It had been only a short chat with a friend in Australia, but the lingering feeling it left was painful. Had I been right to stay in Ireland and try to ride out the recession?
I’m sure I’m not the only person on this island asking that question. I guess I won’t know the answer for another few years – when, with luck, my career will have progressed. But it’s something that’s been on my mind a lot lately.
When I graduated with a degree in construction management, in 2010, only three of my 50 classmates got work, two of them with their family businesses. As we looked down the barrel of unemployment we had three options: emigrate; stay in Ireland and try to find a job; or begin further study.
While most people I know chose the first option, I chose a combination of options two and three. I was lucky that my grandmother ran a bar in Galway city where I could earn a couple of hundred euro a week to keep me going.
But the money I earned never lasted long, usually spent on going to parties for my friends and classmates who were heading off to better lives in Australia, London or Canada.

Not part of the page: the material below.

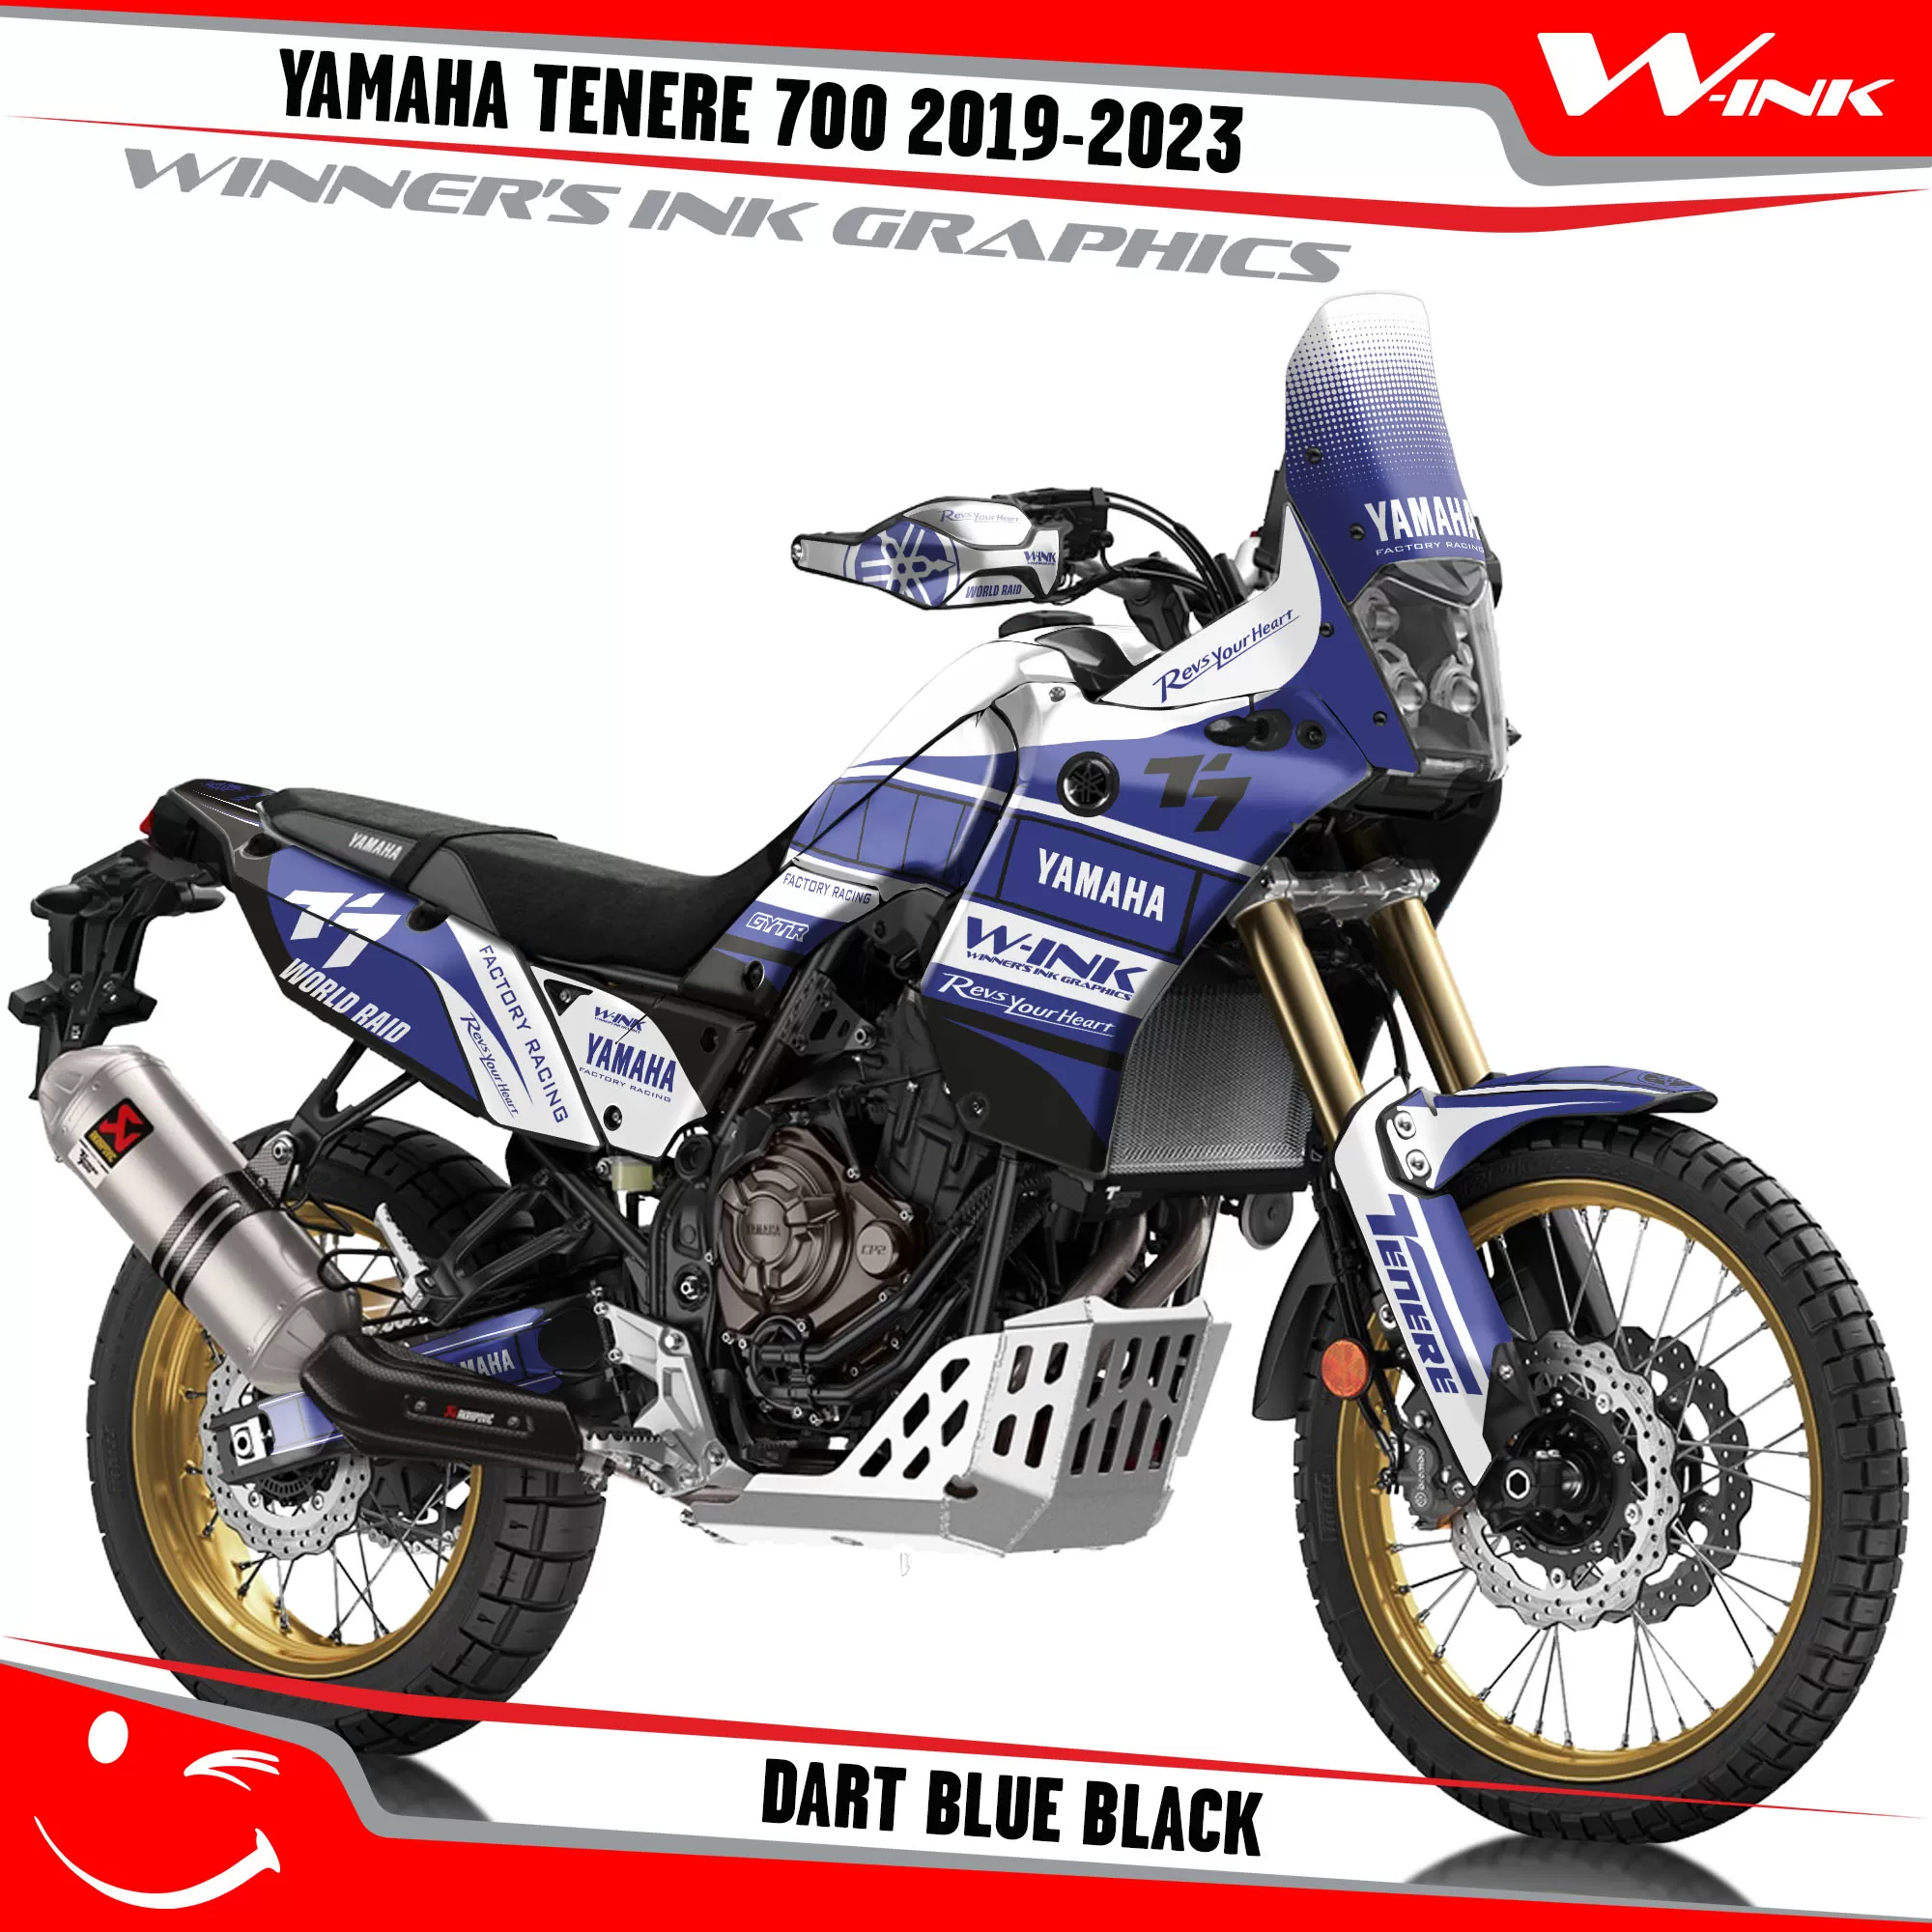 Yamaha-Tenere-700-2019-2020-2021-2022-2023-graphics-kit-and-decals-with-desing-Dart-Blue-Black

Each time I heard of someone emigrating I questioned if staying around was the right decision. My family, relationships and sport all played on my mind while I weighed up the pros and cons of leaving versus staying.
It was a close call, but in the end I decided to stay and save for a master’s in project management, which I hoped would make me more employable.
I kept in touch with friends who had left for greener pastures; their stories of travelling the east coast of Australia, or skiing in remote parts of Canada, were hard to hear when I was in the library, studying, on a Friday evening.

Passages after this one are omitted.